Family studies have clearly demonstrated a role for genes in modifying risk for sudden cardiac death (SCD), however genetic studies have been limited by available samples. Here we have assembled over 4,400 SCD cases with >30,000 controls, all of European ancestry, and utilize a two-stage study design. In the first stage, we conducted an unbiased genome-wide scan in 1,283 SCD cases and >20,000 controls, and then performed follow-up genotyping in the remainder of the samples.
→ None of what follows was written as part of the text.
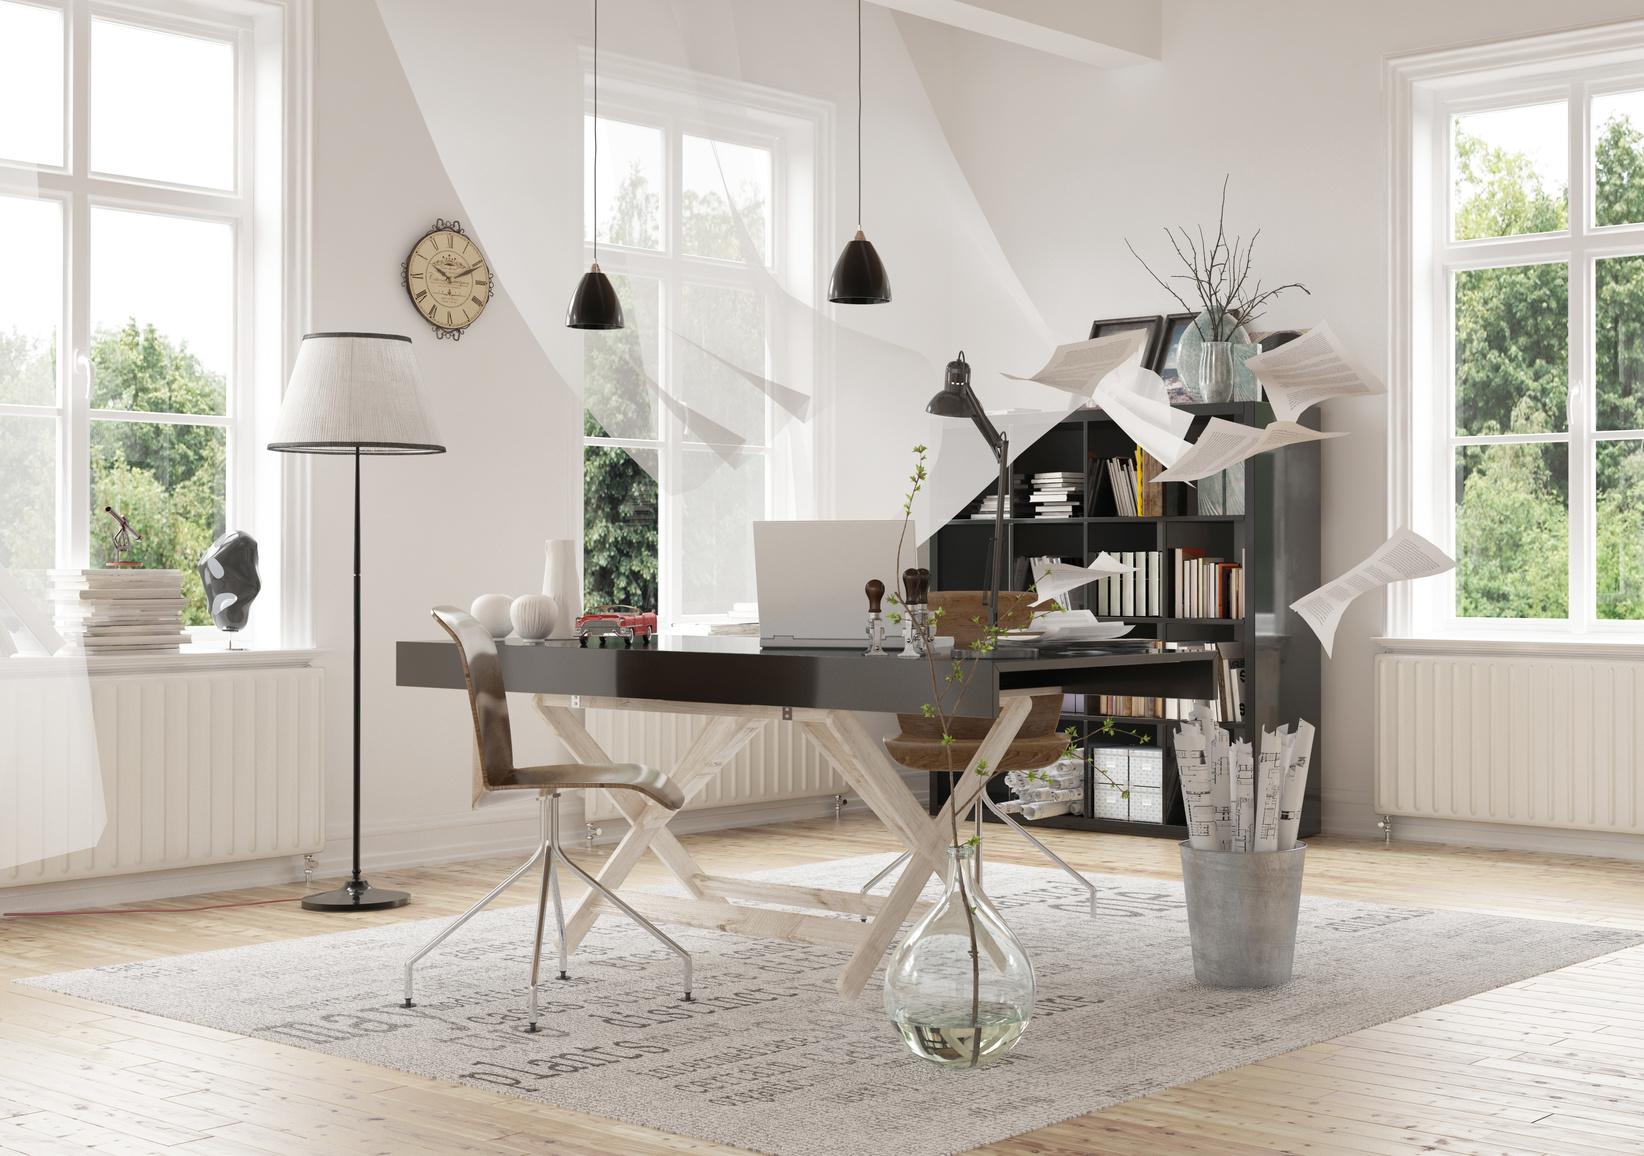 Lampy wstylu skandynawskim.Inspiracje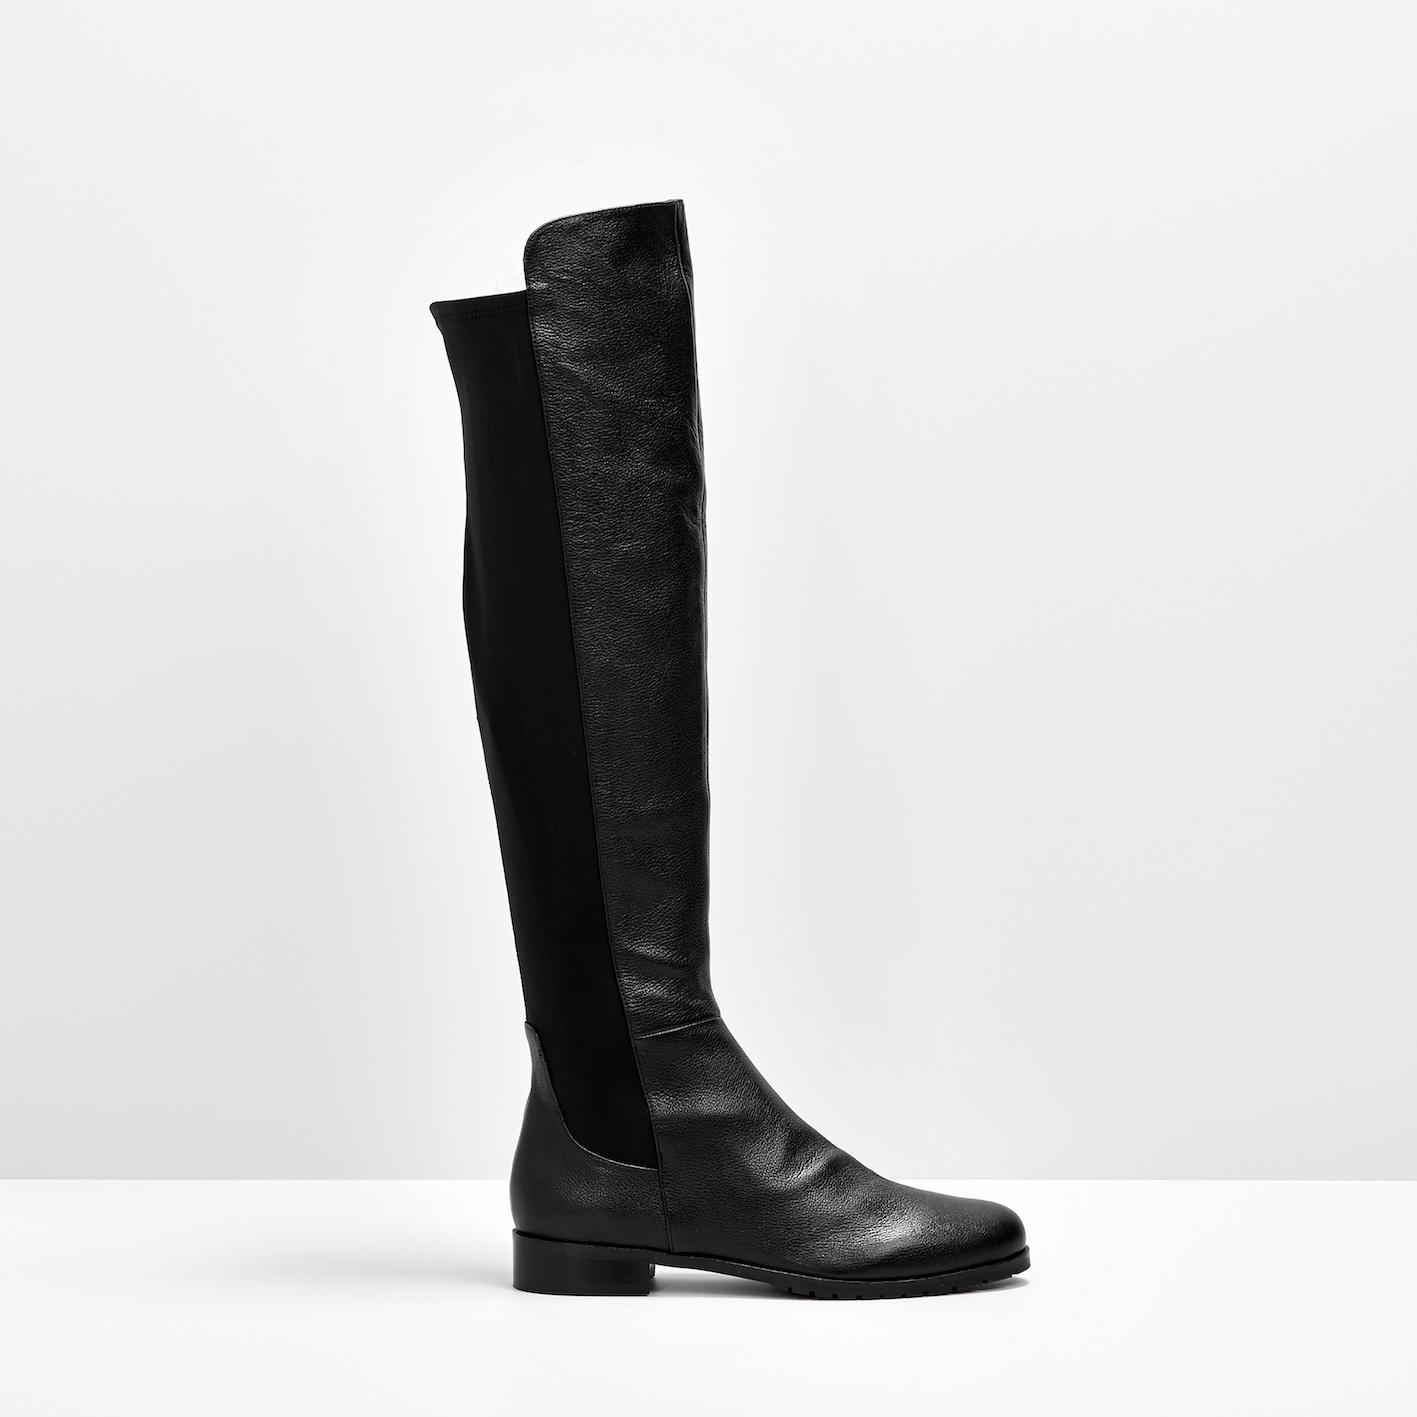 fashion speical offer official site C'est qui CECIL? - Marie Claire

We demonstrate strong association to a region of the genome not previously implicated in SCD, the BAZ2B locus, which contains 3 genes not previously known to play a role in cardiac biology. In addition, we used the genome-wide scan data to test a focused hypothesis that genetic variants that modulate ECG traits associated with SCD (QT, QRS, and RR intervals) also modify risk for SCD, and we demonstrate that QT- and QRS-prolonging alleles are, as a group, associated with increased risk of SCD. Taken together, these findings begin to elucidate the genetic contribution to SCD susceptibility and provide important targets for functional studies to investigate the etiology and pathogenesis of SCD.